Click to reveal solution

RAirquality normality solution

ex_ozone <- na.omit(airquality$Ozone) ex_temp <- na.omit(airquality$Temp) shapiro.test(ex_ozone) #> Shapiro-Wilk normality test #> data: ex_ozone #> W = 0.87868, p-value = 2.793e-08 shapiro.test(ex_temp) #> Shapiro-Wilk normality test #> data: ex_temp #> W = 0.98537, p-value = 0.2329

Explanation: Ozone fails normality (p < 0.001) because it's right-skewed. Temperature passes (p = 0.23). Since one variable violates the normality assumption, Spearman would be more appropriate for this pair.

When should you use Spearman's rank correlation?

Spearman's rank correlation works by converting your raw data to ranks, then computing Pearson correlation on those ranks. This simple trick makes it robust to outliers, skewed distributions, and non-linear monotonic relationships.

A monotonic relationship means "as one variable goes up, the other consistently goes up (or consistently goes down)", but the change doesn't have to follow a straight line. An exponential curve is monotonic but not linear. Spearman catches these; Pearson doesn't.

Let's see the difference with a concrete example. We'll create data that follows an exponential curve, clearly monotonic, but not linear.

RExponential growth pearson versus spearman

# Monotonic but non-linear: exponential growth set.seed(21) x_exp <- 1:30 y_exp <- exp(x_exp / 10) + rnorm(30, sd = 0.3) cat("Pearson: ", round(cor(x_exp, y_exp, method = "pearson"), 3), "\nSpearman:", round(cor(x_exp, y_exp, method = "spearman"), 3)) #> Pearson: 0.889 #> Spearman: 0.993

Spearman (0.993) is much closer to 1 than Pearson (0.889) because the relationship is perfectly monotonic, every increase in x produces an increase in y, even though the curve bends upward. Pearson underestimates the strength because it's looking for a straight line that isn't there.

Spearman also works naturally with ordinal data (ranks, survey ratings, Likert scales) where the raw numbers are just labels for order.

ROrdinal ratings and satisfaction

# Ordinal data: customer satisfaction vs product rating set.seed(33) ratings <- sample(1:5, 20, replace = TRUE) satisfaction <- ratings + sample(c(-1, 0, 0, 1), 20, replace = TRUE) satisfaction <- pmin(pmax(satisfaction, 1), 5) # clamp to 1-5 cor(ratings, satisfaction, method = "spearman") #> [1] 0.7013561

A Spearman correlation of 0.70 on ordinal data tells us that higher product ratings are strongly associated with higher customer satisfaction scores.
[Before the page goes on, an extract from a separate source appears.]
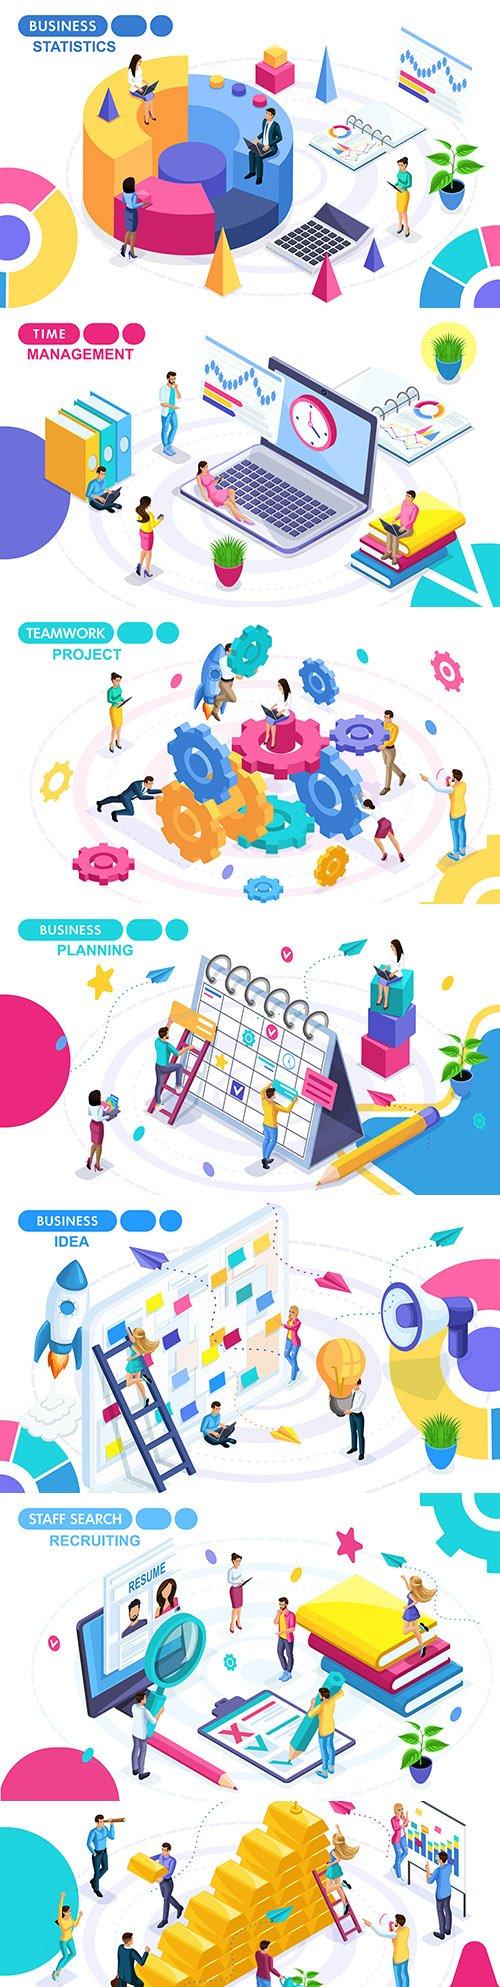 People business plan development isometric concept

Pearson would give a similar number here, but Spearman is the theoretically correct choice because the data is ordinal, not truly continuous.

Tip

When in doubt between Pearson and Spearman, compute both. If they agree, the relationship is likely linear. If Spearman is notably higher, the relationship is monotonic but not linear, Spearman is the better summary.

Try it: The iris dataset has numeric measurements. Compute both Pearson and Spearman correlation between Sepal.Length and Petal.Length. Which one is stronger?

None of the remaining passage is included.